California Workers' Comp Plan Just About Ready

A new workers' compensation insurance program for California racing might be implemented by Nov. 15, according to the head of the state trainers' association.

Ed Halpern, executive director of the California Thoroughbred Trainers, said
the start-up date--when insurer American International Group can actually begin administering policies for trainers who have committed to the program--depends on when the insurer clears up its paperwork backlog.

"We're hoping to get the field paperwork completed by Nov. 15," he said. "Everything seems to be falling into place."

The program was first presented in September. Since then, Halpern and others involved in the issue have been meeting with horsemen to get their commitment and initial paperwork detailing employment and claim information completed.

American Insurance Group required an unspecified percentage of the top training operations to commit to the plan. Halpern said the insurer is satisfied with the participation level. He declined to say what percentage of the leading stables is committed to the program or give the approximate statewide premium amount.

"There are a number of brokers handling that, so I don't know the exact figures," Halpern said. "But they tell me we have enough."

One broker, John Patrick Unick, national sales manager for Maroevich, O'Shea and Coghlan of San Francisco, estimated the total statewide premium to be worth about $15 million. He said there are about 500 training operations in the state that he would expect to join the program.

According to numbers provided in September, trainers can expect about a 30% decrease, on average, in their premium rates.
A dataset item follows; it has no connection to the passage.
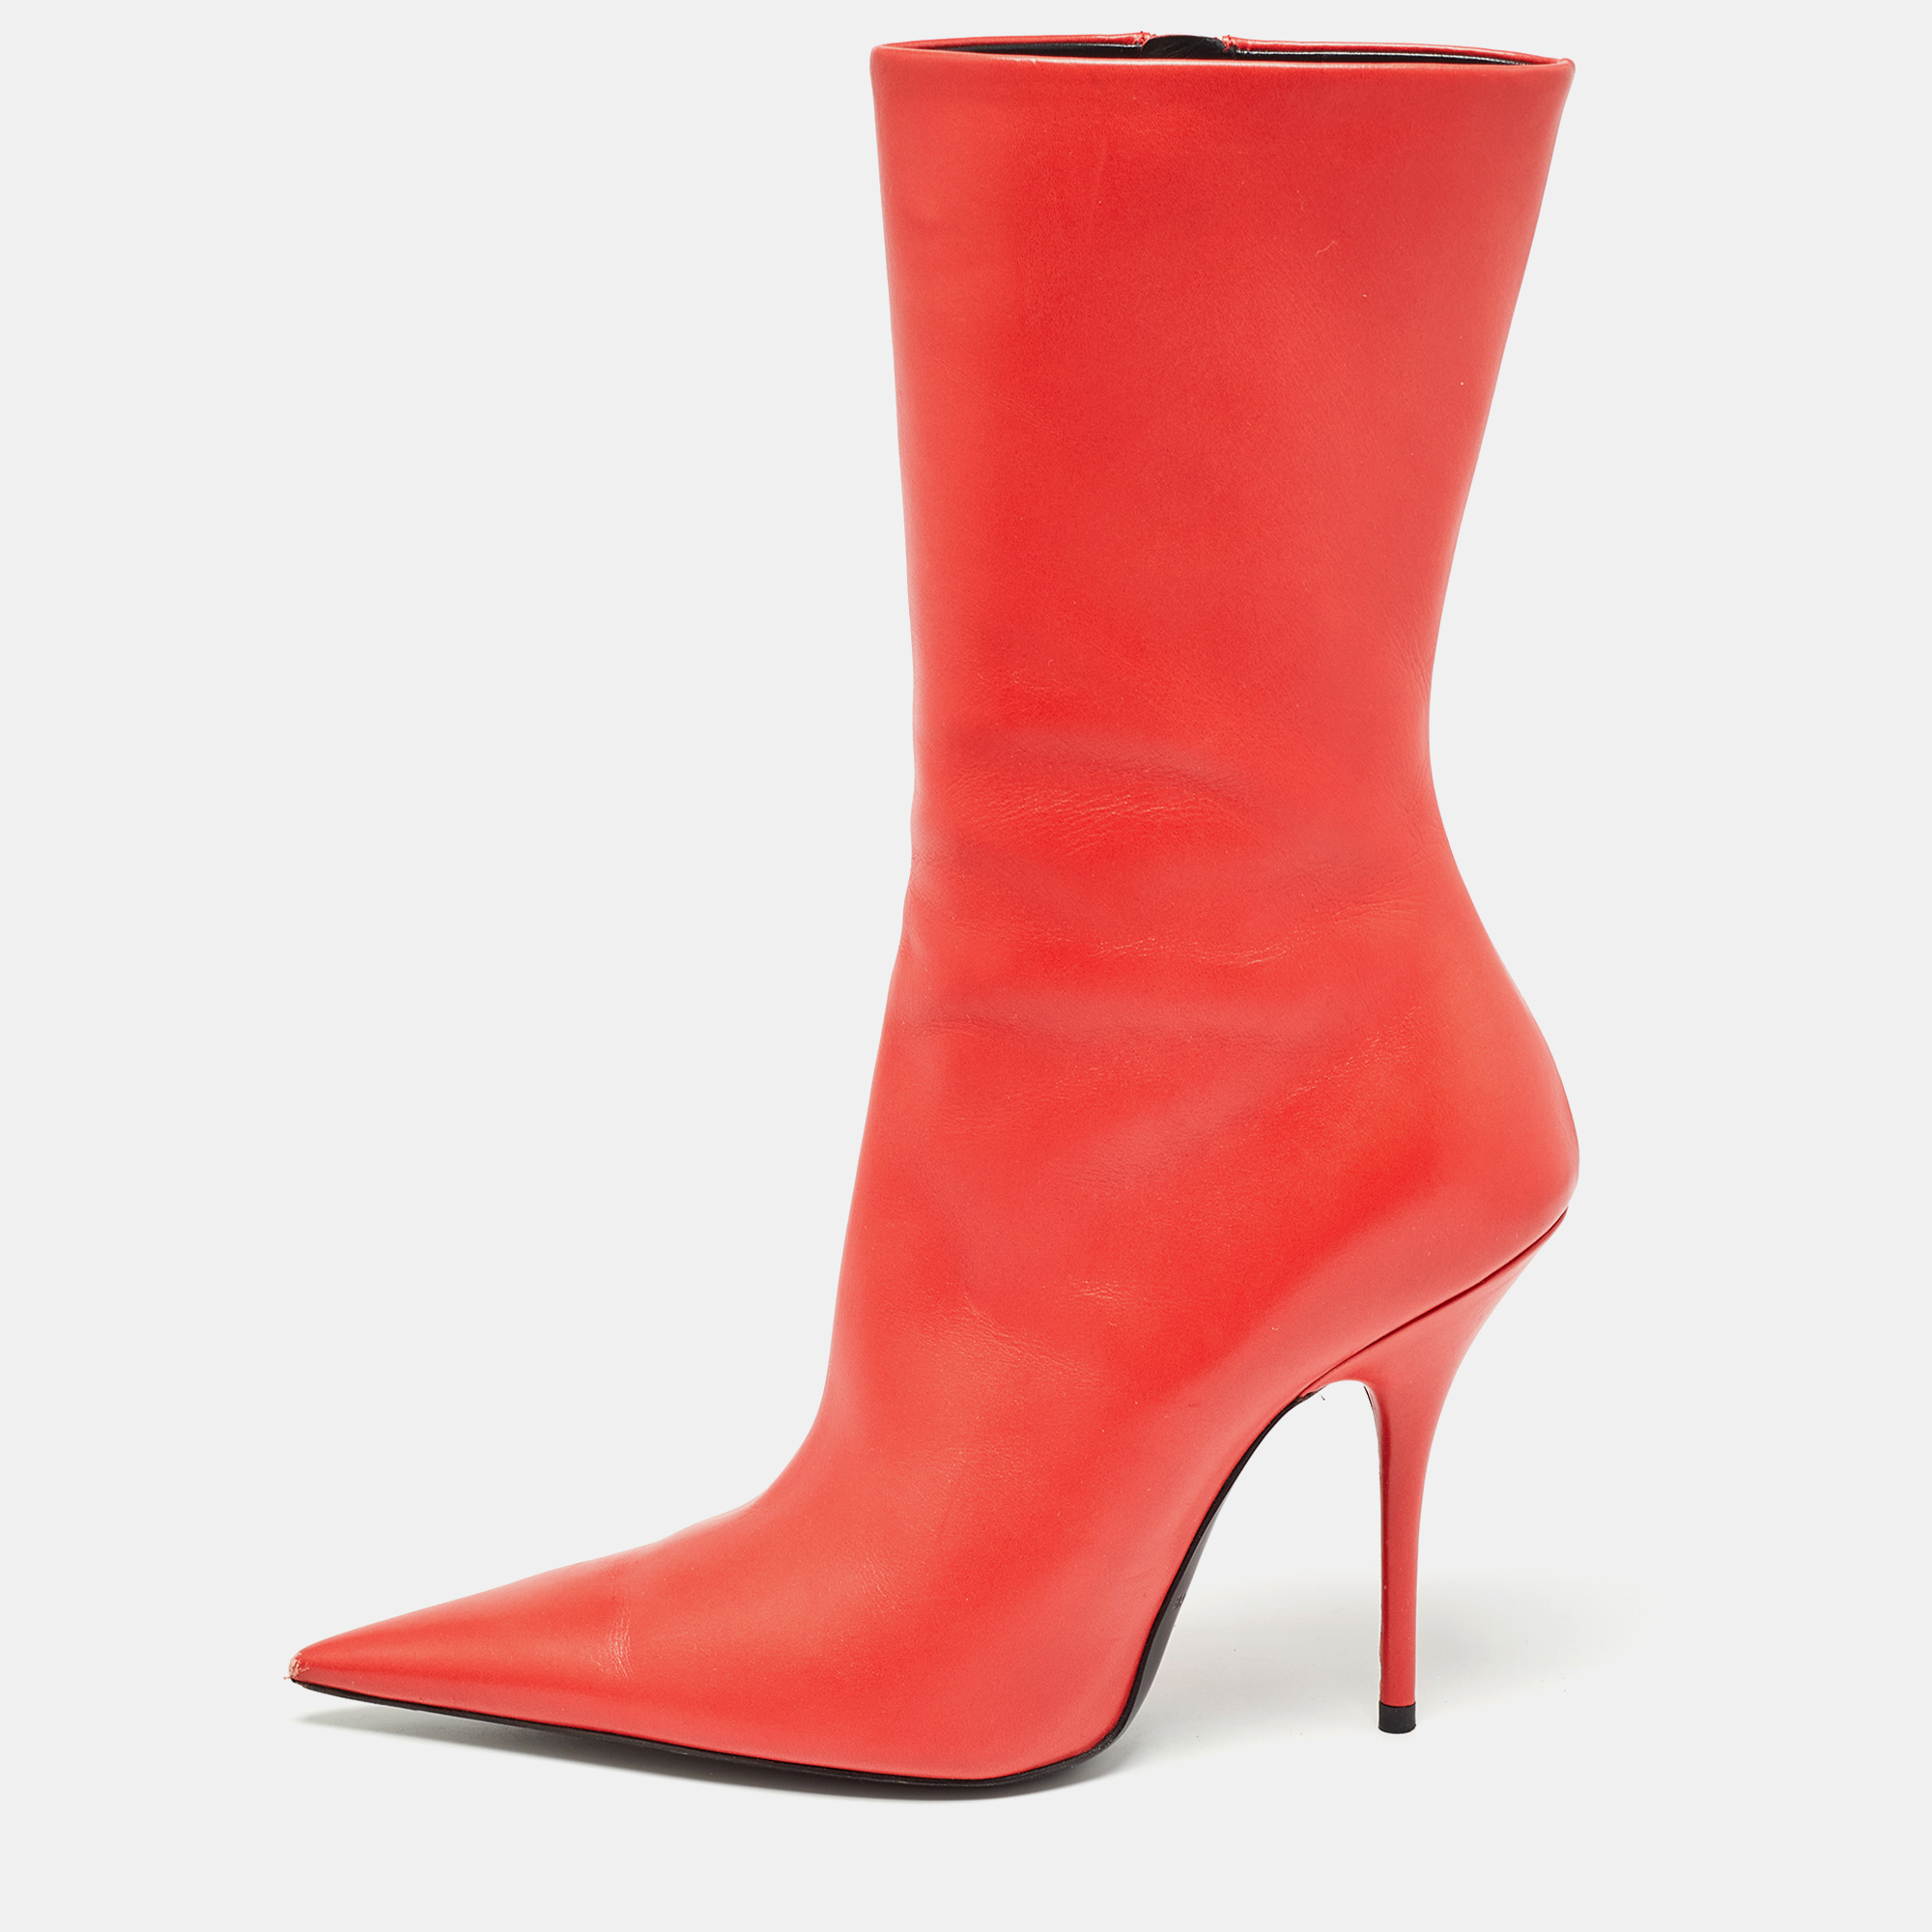 Balenciaga red leather knife midcalf boots size 39

Those rates have jumped drastically since March 1, when many stables could no longer find a private insurer willing to take on the catastrophic type of coverage California requires.

Since then, almost all of the stables were forced to turn to the government-backed State Fund for their workers' comp needs. The basic rate (before deductions for clean records) is nearly $50 per $100 of payroll, and is expected to increase even more this year. As a result, a number of trainers have been forced out of business or have cut back operations severely, Halpern said.

There are two groups of trainers among the 500 in the state, those who signed up with the State Fund last March, and those who followed when their old policies expired July 1. Unick said trainers who signed up with the government program July 1 would benefit the most, at least initially, by switching to the new provider because of rate increases in the State Fund.

By March 1, 2003, Unick said most of the remaining trainers would probably switch because of even greater increases.

"Nobody knows how much higher the rates will go," Unick said. "They could be doubled."

Some horsemen have found it would be cheaper to stay with the State Fund until their current policies expire, said Jim Ghidella, a Northern California representative to the Thoroughbred Owners of California who has been involved with the workers' comp issue for the past two years.

Unick believes once the industry can get control of workers' comp claims, trainers will see tremendous improvement in their rates within two or three years.

One problem is that the State Fund has an early termination penalty that could affect trainers who seek to leave early and want their deposits returned to them.

"We have people who have been working with the State Fund on (waiving the penalty policy), and we should know something in a couple of days," Halpern said.

"Everything we've heard from the state has been positive, but we haven't seen the signature (on the waiver) yet," Unick said.